Il caso nel Pistoiese e il ruolo dei cacciatori

Il primo caso di peste suina nel Pistoiese è stato registrato dopo le analisi effettuate sulla carcassa di un cinghiale ritrovato nel territorio di San Marcello Piteglio, con un risultato definito inequivocabile per la positività al virus della Psa. Il ritrovamento dei tre cinghiali morti ha portato la provincia di Pistoia nella mappa toscana dell’emergenza, con nuove attenzioni sulle attività di controllo della fauna selvatica.

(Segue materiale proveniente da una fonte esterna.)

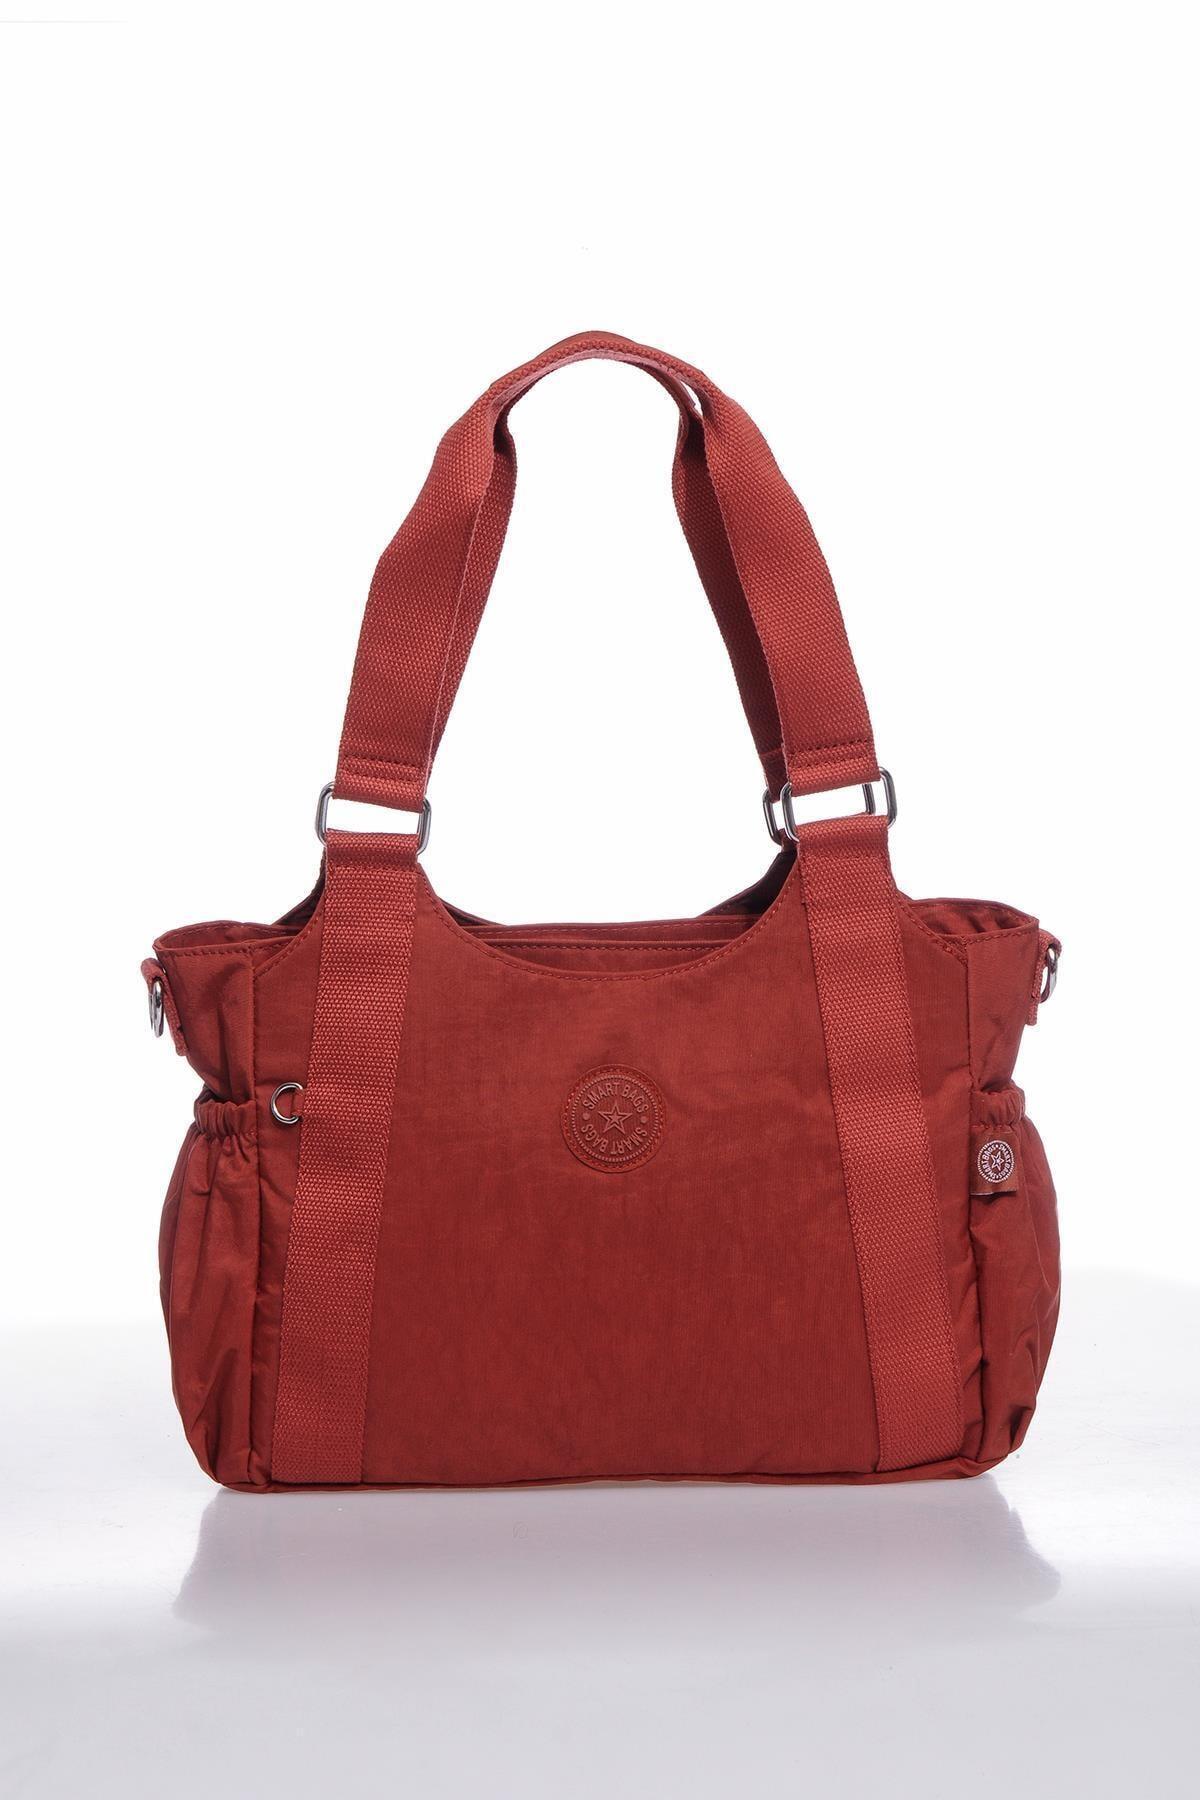 SMART BAGS Kadın Kiremit Omuz Çantası Smbk1163-0128 1

Dopo la conferma dei casi, il presidente dell’ATC 11 di Pistoia Antonio Andreini è intervenuto sulla situazione sottolineando il ruolo dei cacciatori nelle attività di contrasto alla malattia. Secondo quanto dichiarato, l’ATC è impegnato da due anni nella preparazione delle azioni di competenza contro la peste suina africana e si è messo a disposizione delle autorità per affrontare l’emergenza. Andreini ha inoltre evidenziato le possibili ripercussioni economiche e sociali legate alla diffusione della malattia.

Il monitoraggio della fauna selvatica e l’organizzazione delle attività sul territorio restano quindi al centro delle misure adottate dopo i ritrovamenti nel Pistoiese. Le nuove disposizioni e il rafforzamento della sorveglianza accompagnano la gestione della situazione da parte degli enti regionali e della struttura commissariale, mentre vengono aggiornate le zone interessate dalle restrizioni legate alla peste suina africana.